ちょうど前夜に夜桜を激写したあたり。覆いかぶさるように咲く様もいいが、空と一体に広がる様子も悪くない。
「展勝地」の看板の前で一枚。世間一般には「北上展勝地」の名称で知れ渡っているが、実態は市立公園。春の桜ばかりではなく、秋の紅葉も楽しめるそうな。
桜並木から脇に入ったところに「一山園」という一角がある。「一山」とは原敬の俳号。北上展勝地は「和賀展勝地」として大正10年に開園した。その際に盛岡出身で時の宰相であった原敬の多大な助力があったとのことで、その報恩のため原敬の句碑のある一体を「一山園」と名づけたそう。
昭和29年に和賀町が北上市に移行したことに伴い、「北上市立公園展勝地」となり現在に至る。ちなみに「展勝地」とは造語で、「展望のよい名勝・景勝地」を略したものだそう。

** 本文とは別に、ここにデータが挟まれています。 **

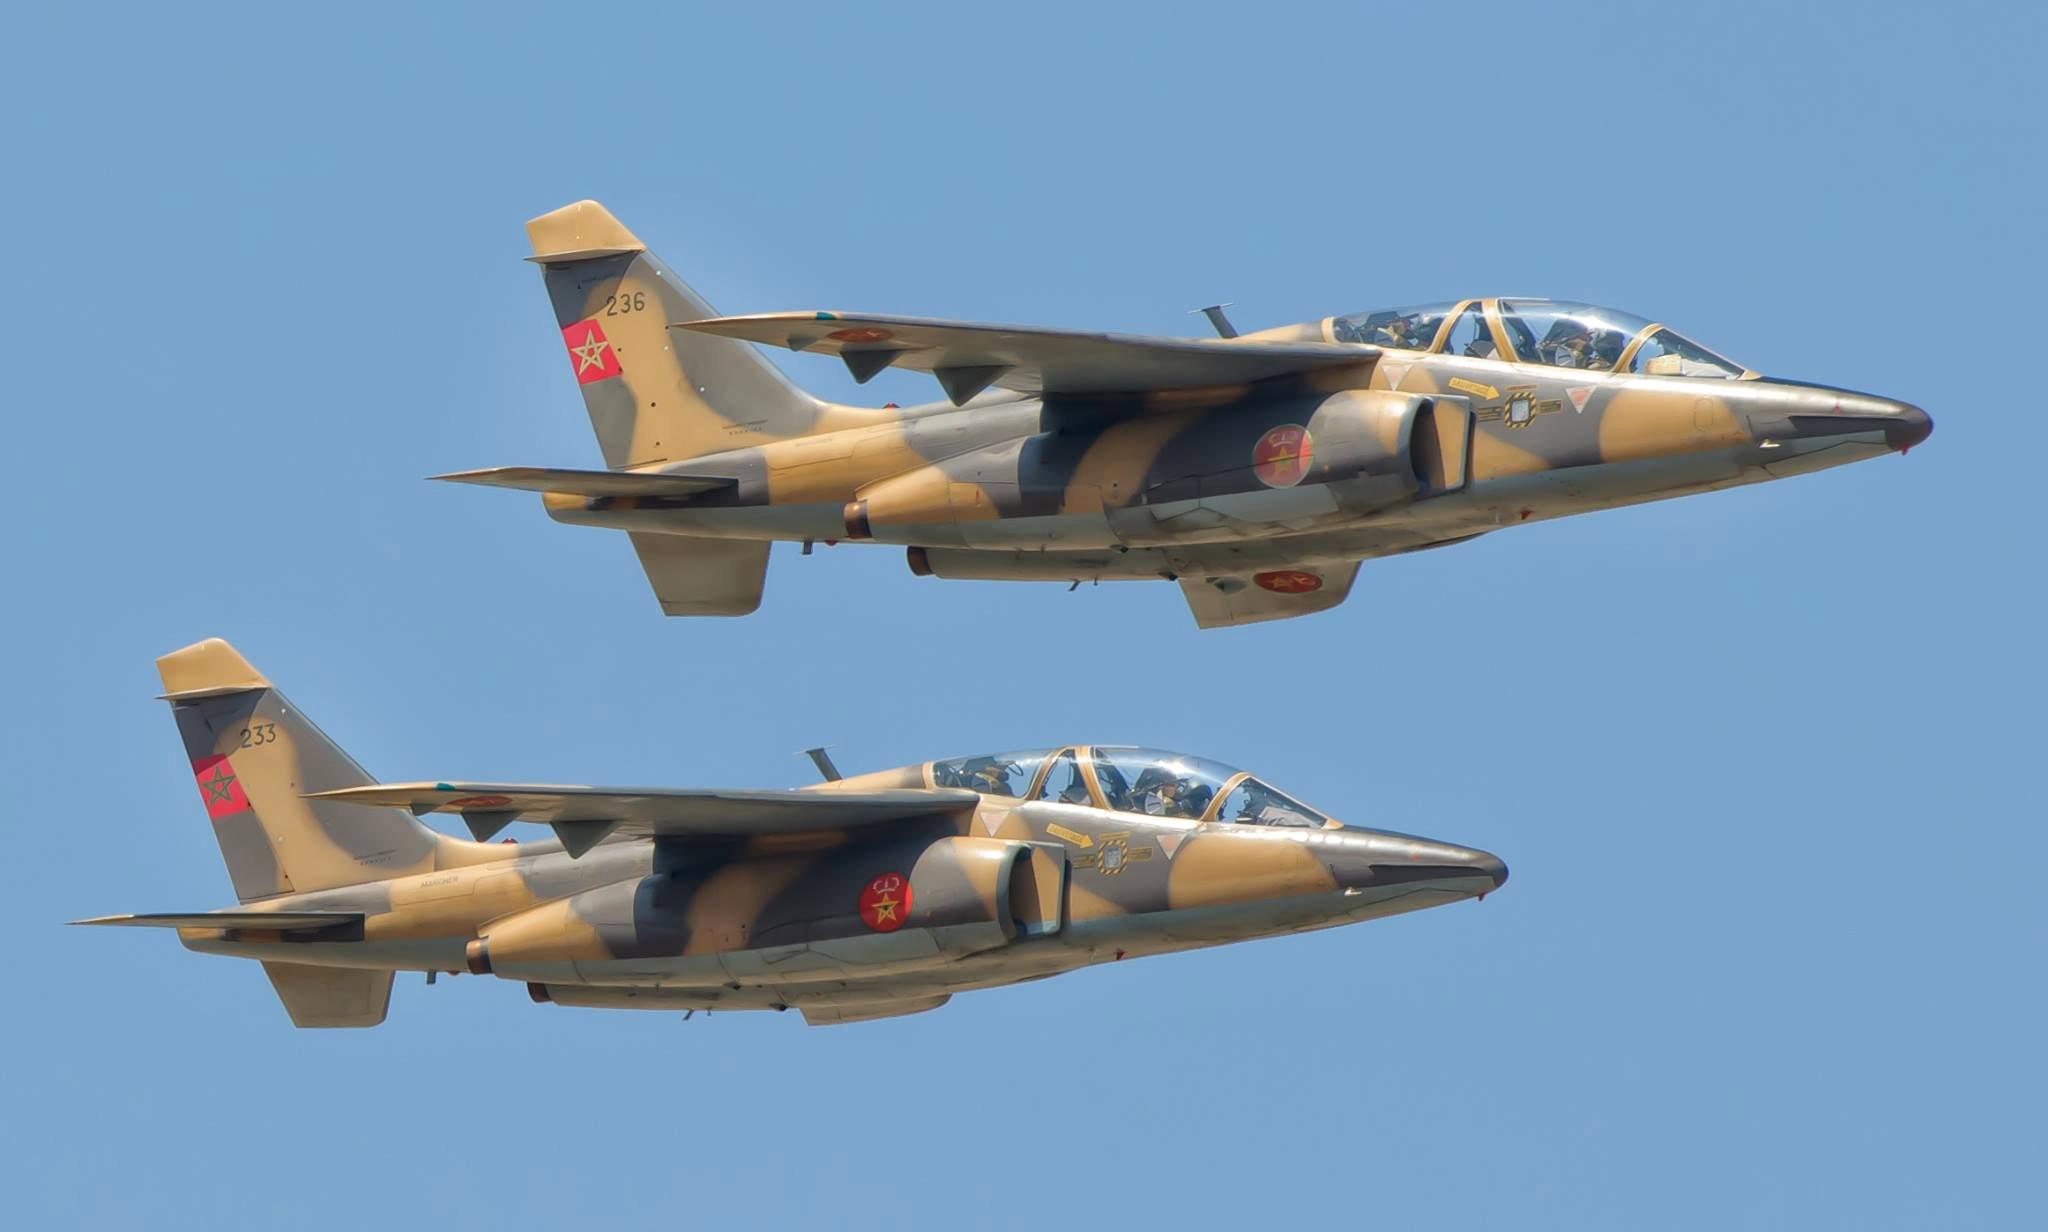 القوات الجوية الملكية المغربية - متجدد - - صفحة 2 16020106320532118

一山園の周囲だけしだれ桜が植えられていて、桜並木とは枝ぶりや花の色が明らかに違う。半月前に大阪の造幣局で見たものよりもきれいだった。立派な大木でカメラに収まりきらなかった。
一山園から桜並木を裏側から写すような感じで撮ったもの。ちょうど菜の花が咲いていた。春らしい光景だが、桜並木の外側なので、ここに足を踏み入れる人は多くはなかった。

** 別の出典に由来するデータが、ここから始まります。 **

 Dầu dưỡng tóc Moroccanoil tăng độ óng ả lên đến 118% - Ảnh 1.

桜並木の終点にはSLが保存されている一角があった。普段は柵で囲って非公開だそうだが、桜の期間中だけこうして中に入ることができるらしい。このC58は昭和18年に製造され、岩手・宮城県を中心に昭和47年まで走った。埼玉県の秩父鉄道では同型機が「パレオエクスプレス」として走っている。

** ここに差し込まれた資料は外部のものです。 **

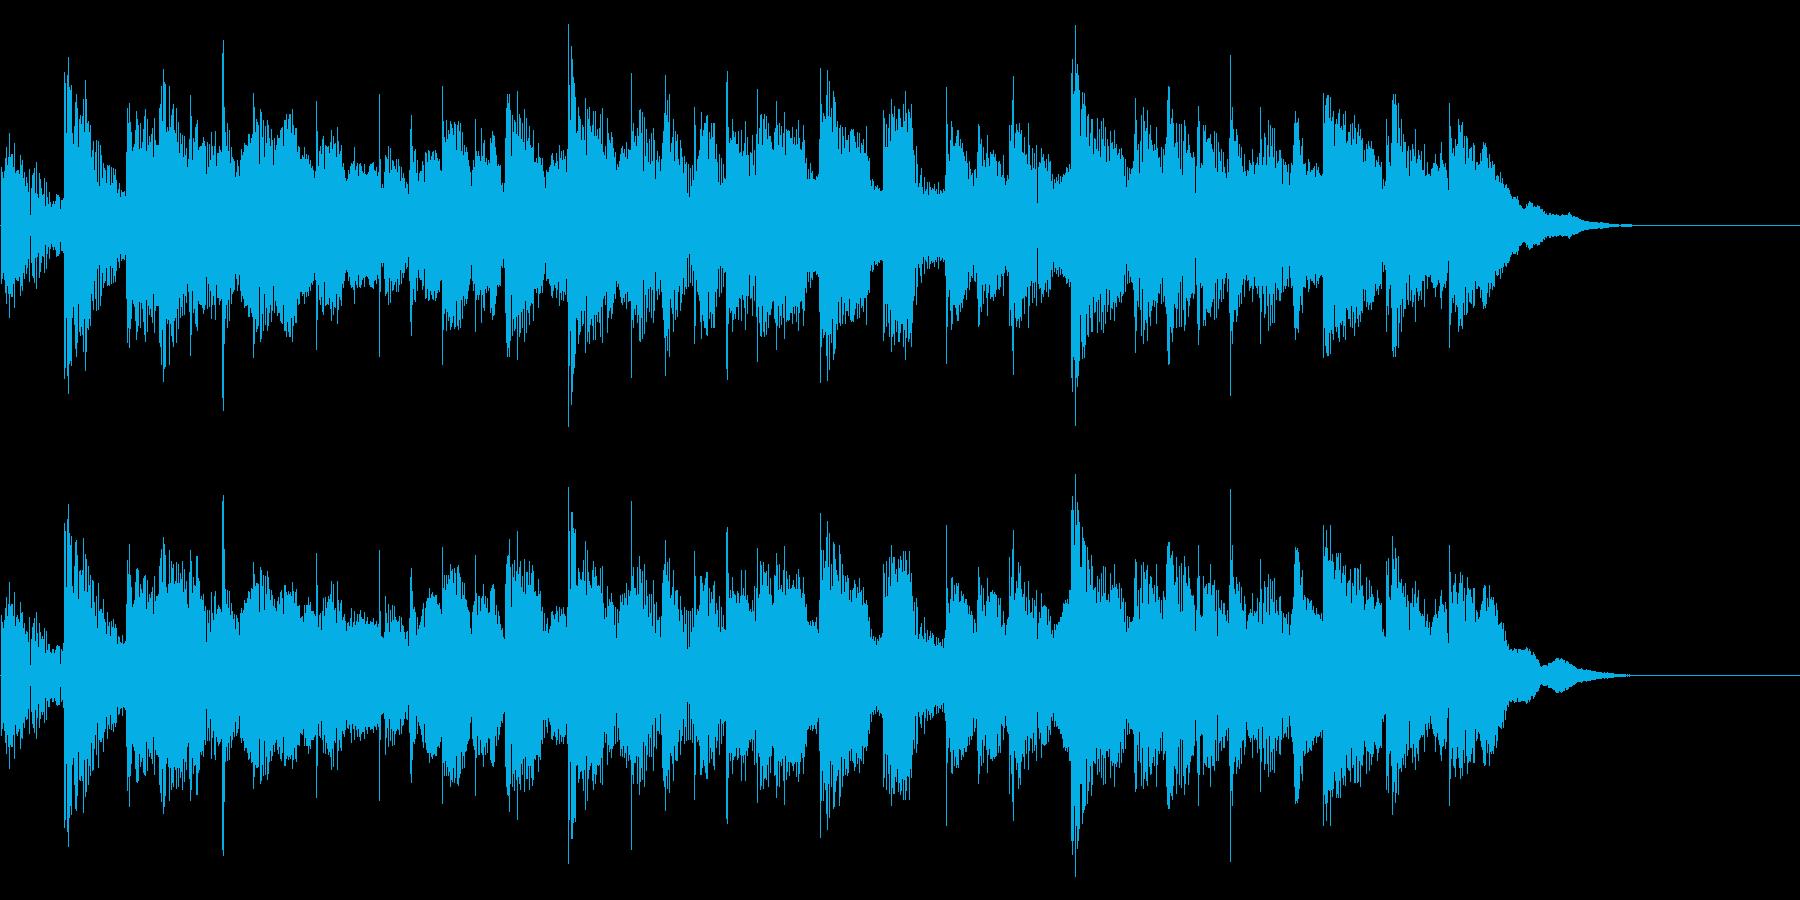 生演奏のギターを使ったポップなジングルの再生済みの波形

なんかヘンな車両だと思ったらラッセル車。しかし、自走できるわけではなく後ろから機関車で押して、圧搾空気を送り込むことによって排雪板を広げて排雪した。昭和23年から51年まで北上線で使用されたそう。
展勝地の桜並木は2Kmにも及び、その並木を端から端まで往復した。普段運動不足気味だったのでいい運動になった。心地よい疲労感を感じつつ、行きと同じ渡し舟に乗って対岸の北上駅へ戻った。